Осенью врачи подтвердили неутешительный диагноз – рак лёгких. Дни писателя были сочтены. Василий приходил и смотрел на угасающее тело, каждый день помогал Марии обрабатывать появившиеся пролежни.
«Как мне помочь вам?» – в отчаянии думал он, сжимая леденеющие руки своего создателя.
«Знаю я, что умираю, Вася, но что уж теперь поделаешь… Не пристрелишь же ты меня, как загнанную лошадь. Я не знаю, что сказать тебе… Я бы хотел не мучить вас. Вижу же, тяжко, а скажи ты Марии, что слышишь мой голос, не поверит она тебе. Да и скажи, кто ты, не поверит тем более. Я бы попросил тебя…»
«Нет. Я не сделаю это. Я не смогу. Не вас», – предчувствуя продолжение и холодея от одной мысли об этом, отказался Василий.
«Знаю. Мне просто страшно. Что там? Может быть, после смерти мы переродимся в героев ещё чьей-то книги? Представляешь? Пожалуй, буду думать теперь так…»
«Зачем же этот автор тогда вас убивает?»
«Я же тоже пытался тебя убить, а ты вон какой живучий оказался! Автор несёт тяжёлое бремя. Он должен пережить судьбу каждого, кого создал, и разделить её в конце. Мало кто, Вася, понимает, что несёт ответственность за тех, кого создаёт. С вас будут брать пример сотни мальчишек и девчонок. Как брали пример сотни и сотни лет назад.

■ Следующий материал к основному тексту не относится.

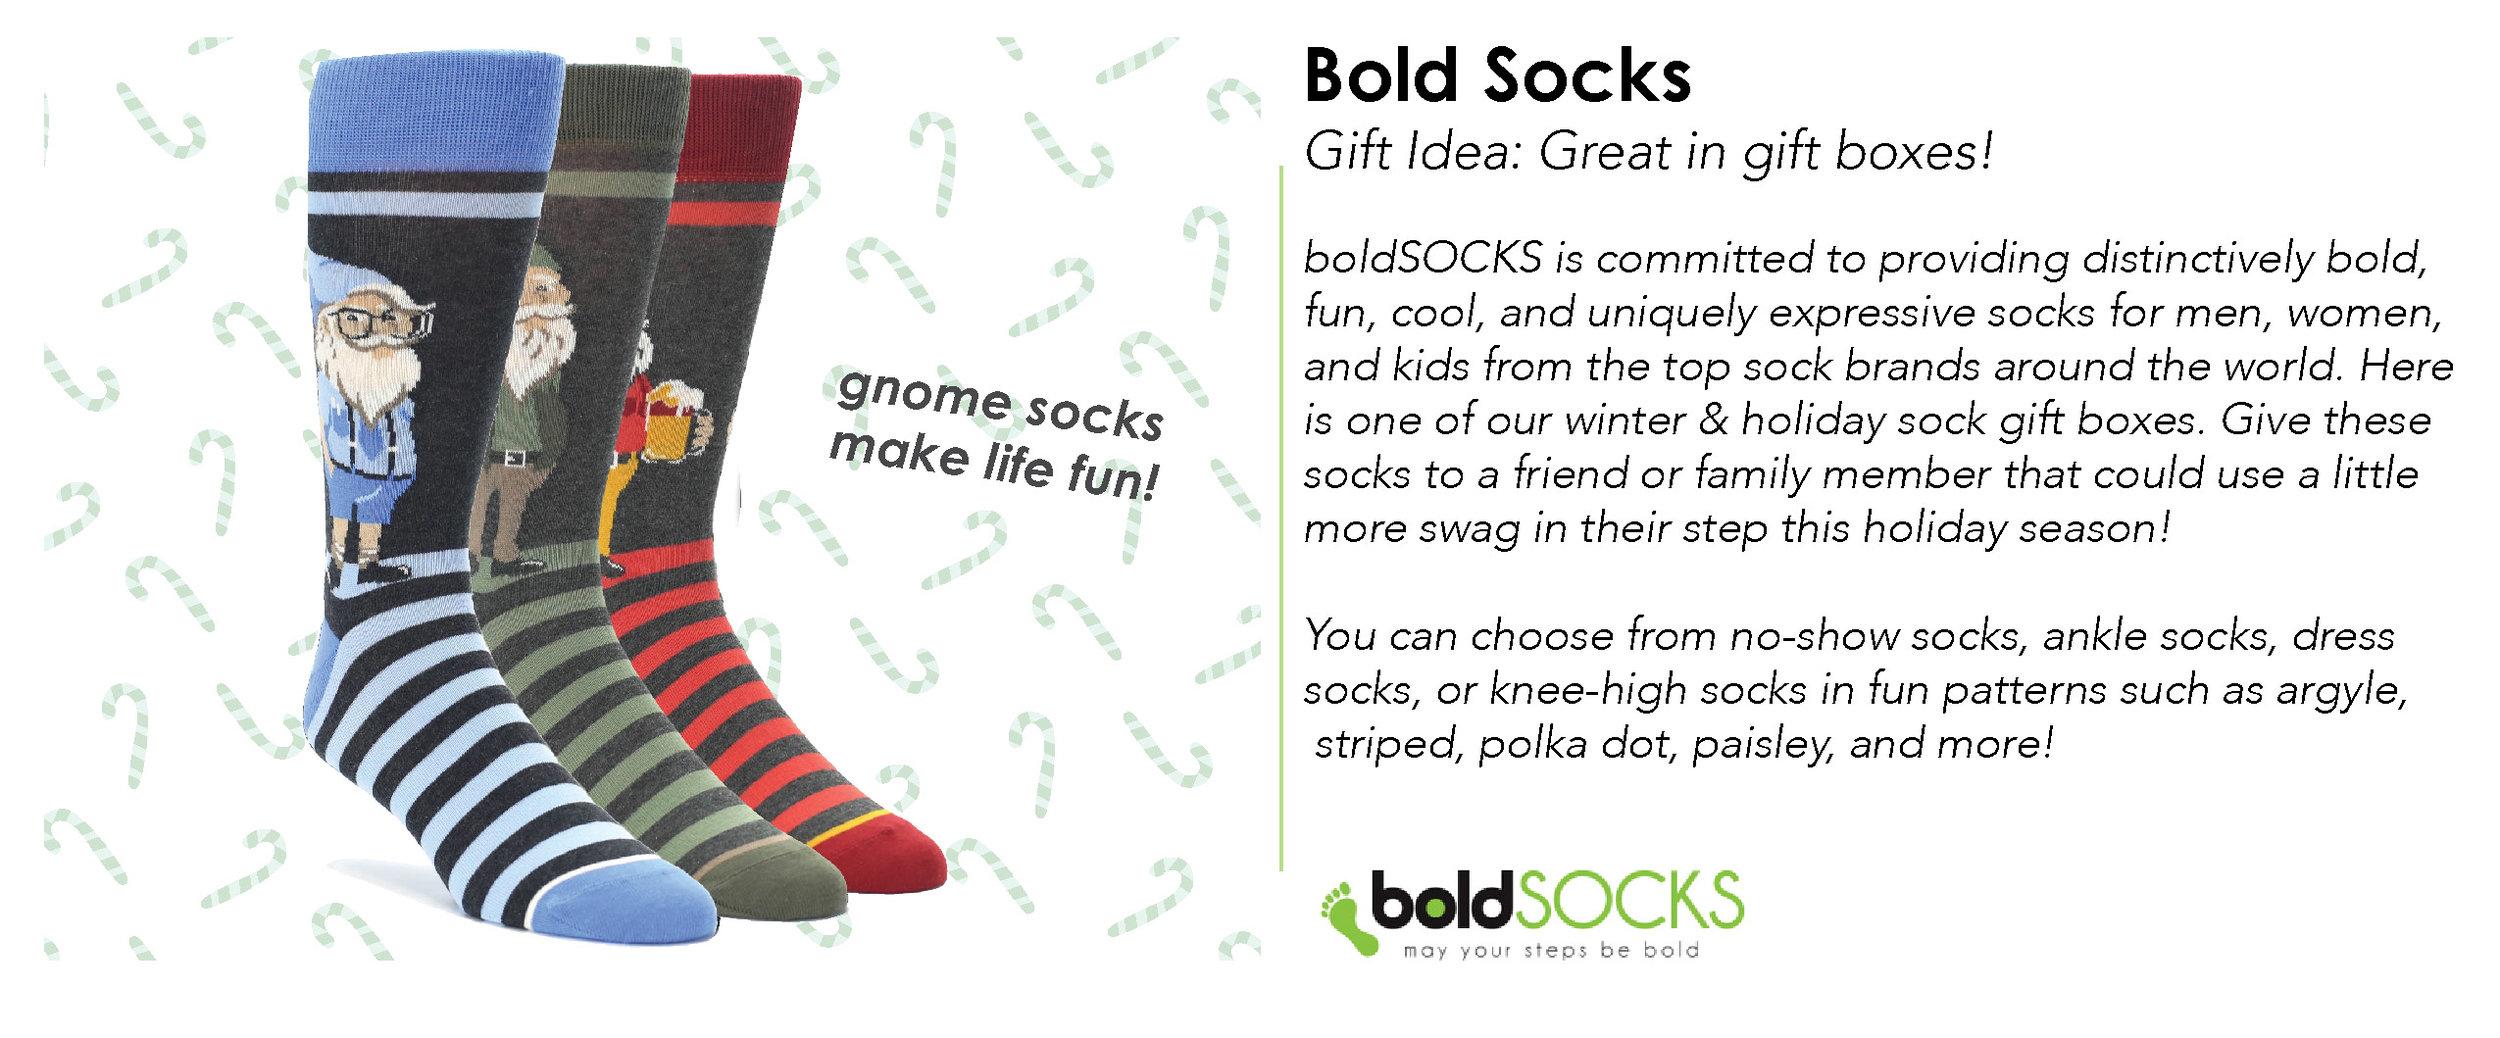 Photo Credit: boldSOCKS - Shop the Look:  boldSocks Website

Вы меняете людей, а творец лишь направляет вас. Не должно быть историй с открытым финалом».
«Вы правы».
*
Василий уснул прямо у кровати своего автора. Мария уехала в тот день в город за лекарствами. Проснулся Тёркин оттого, что скрипнули половицы, а часы в квартире остановили свой ход.
Василий посмотрел за окно. Тихо падал снег. Когда солдат обернулся, чтобы прислушаться к дыханию Александра Трифоновича, то ничего не услышал. Вася вскочил и принялся щупать пульс старика. Ничего.